June 21, 2024
P.O.Box 613ER Gombilla House, Lamashegu Market, Tamale, Northern Region

Prospectus, other expenses by parents outweigh cost under free SHS – Report

A study conducted by African Education Watch, an educational civil society organisation, has revealed that prospectus and other expenses by parents outweigh the cost incurred by the government under the free Senior High School programme.

The report observed that the government’s average spending per student for boarding schools was GHS 1,147 and 1,107 for day students.

The report said parents spent GHS 2, 477 on prospectus for their wards in the boarding schools and spent an extra amount of GHS 4, 000 to buy other personal items, including perfume, detergents, and sanitary pads, in the 2021–2022 academic year.

Mr. Divine Kpe, Senior Programmes Officer, African Education Watch, made the presentation during a conference on education financing in Accra.

The report was on the topic “The Financial Burden of the Free SHS Policy and Implications for Equitable Access to Education.”.

The cost borne by the government was analysed using free SHS budgetary allocations and expenditures obtained from the Ministry of Education, Ministry of Finance, and Parliament for the period 2017–18 to 2022–23 academic years.

The cost to parents was analysed using historical prices of prospectus items from the Ghana Statistical Service.

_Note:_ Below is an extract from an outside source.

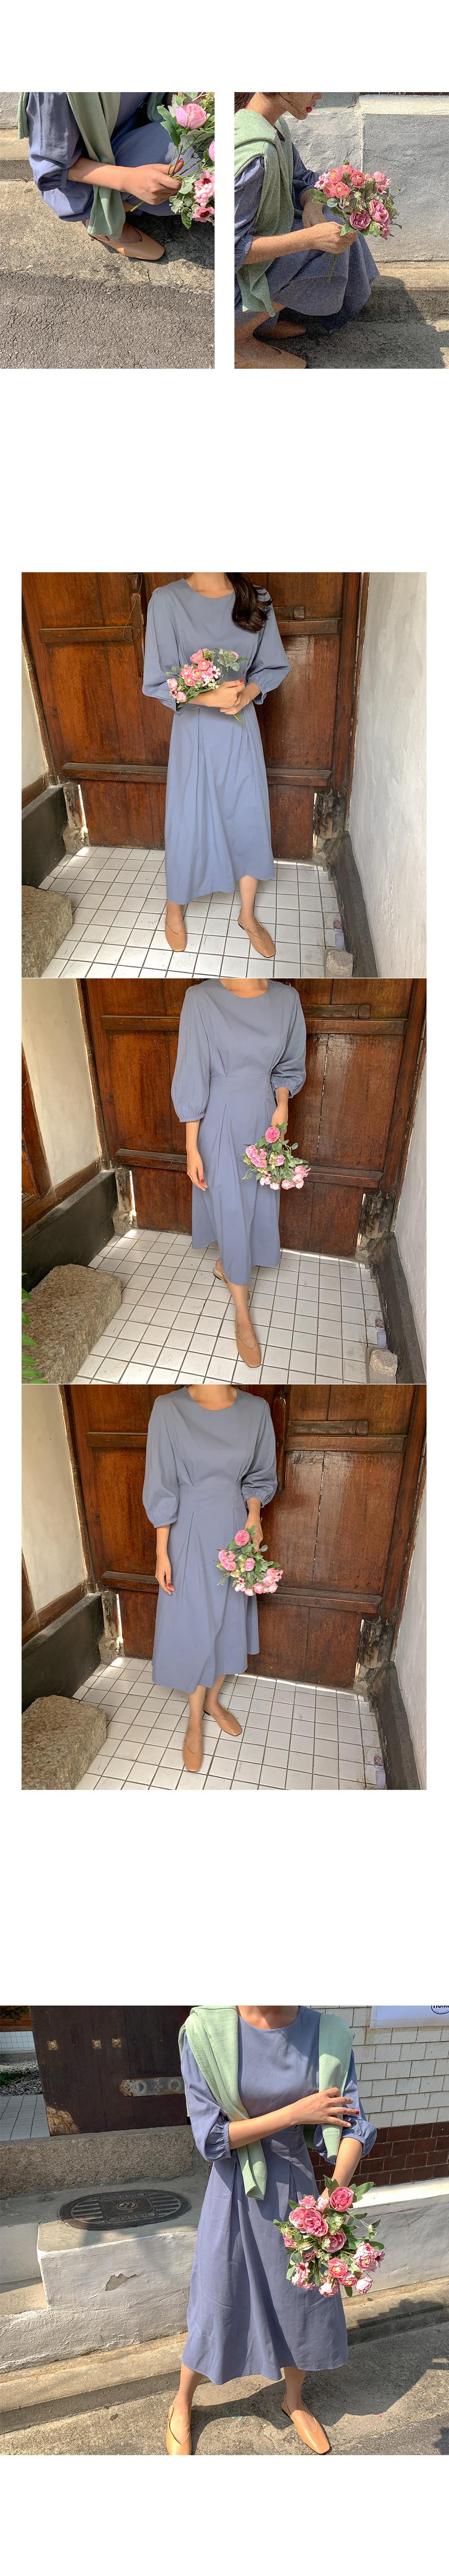 Mina Pintuck Dress

According to the report, the prices of the prospectus increased by 38 per cent from a percentage of 36 during the initial implementation stage of the policy.

Mr Kpe stated that parents of continuing-day students reported spending an average of GH¢4,400 annually on their children’s education, with transportation constituting 40 per cent, breakfast of 50 per cent, and 10 per cent on books.

The report also revealed that parents of day students spent GHC5,507 inclusive of prospectus costs, which outweighed the government’s spending of GHS1,107.

The report revealed that financial constraints contributed to a 15 per cent failure of candidates to honour their admission in the 2022–2023 academic year.

It attributed the failure to honour admission to the high cost of the prospectus and other education materials.

To minimise the cost burden of the prospectus, the report recommended that, in the medium to long term, the Ministry of Education must develop and implement a strategy to focus on children from the poorest households using data from the LEAP programme.

That, the report revealed, would enable the government to spend more to cover the full cost of secondary education for students from lower-income households.

The report recommended that the Ministry of Finance improve the disbursement of funds under the policy in line with the objectives, implementation arrangements, and cash flow projections.